Walter Fischbachers Konzept, bekannte Titel aus der Rock-Pop-Soul-Ära der letzten Dekaden gewissermaßen als zeitgenössische Standards zu covern, ist durch und durch der Idee des Jazz verpflichtet, glücklicherweise ohne sich dadurch fesseln zu lassen. Liebevoll und überaus kundig mit den stilistischen Mitteln der über hundertjährigen Jazztradition aufbereitet und arrangiert, manchmal auch bewusst gegen den Strich gebürstet, jedoch immer sorgfältig in einen frischen, zeitgenössischen Fusion-Sound gekleidet und aus leidenschaftlich sprühender Spielfreude gespeist, animierten die Songs zum Mitfühlen, zum Miterleben und gelegentlich sogar zum aktiven Mitmachen.

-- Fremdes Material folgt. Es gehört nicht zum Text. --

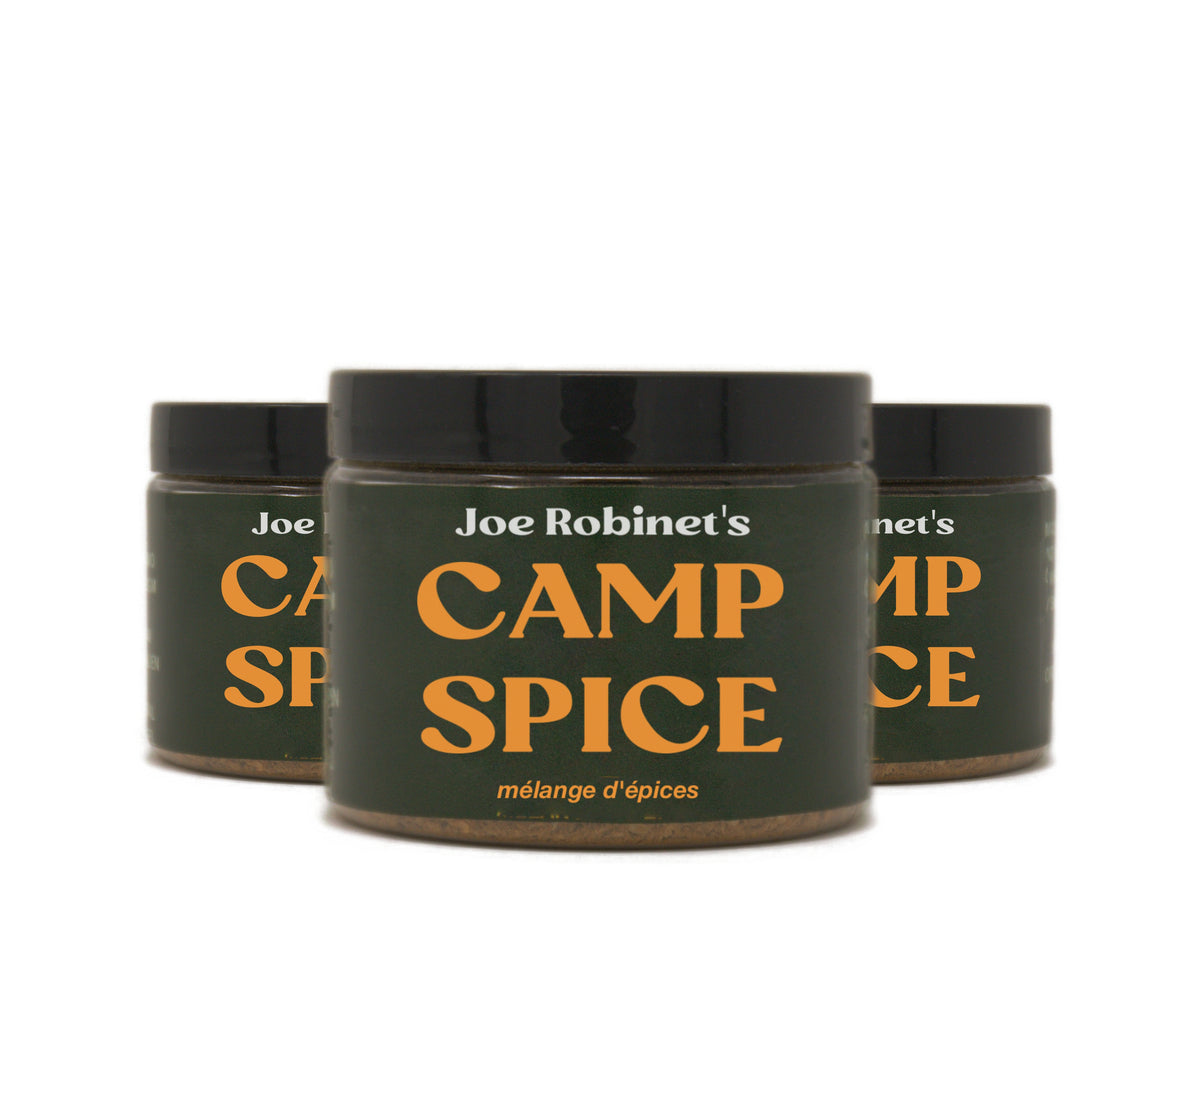 Joe Robinet's Camp Spice 3-PACK

Lang anhaltender Beifall sichtlich dankbarer Besucher fand sein Feedback in zwei Zugaben und – sicherlich auch der Vorweihnachtszeit geschuldet – einem reißenden Absatz der mitgebrachten CDs. Das Rundumwohlfühlpaket Fischbacher-Anderson vermittelte mehr als nur einen Hoffnungsschimmer in einer grauen, pandemiegeprägten Zeit. Befreites Durchatmen und zufriedene Gesichter des Publikums nach dem Konzert, lächelnde, aufgekratzte Musiker sowie entspannte Veranstalter wirkten nicht nur wie ein erfüllter Augenblick niveauvoller Unterhaltung sondern bargen das Versprechen auf eine hoffnungsvolle Zukunft.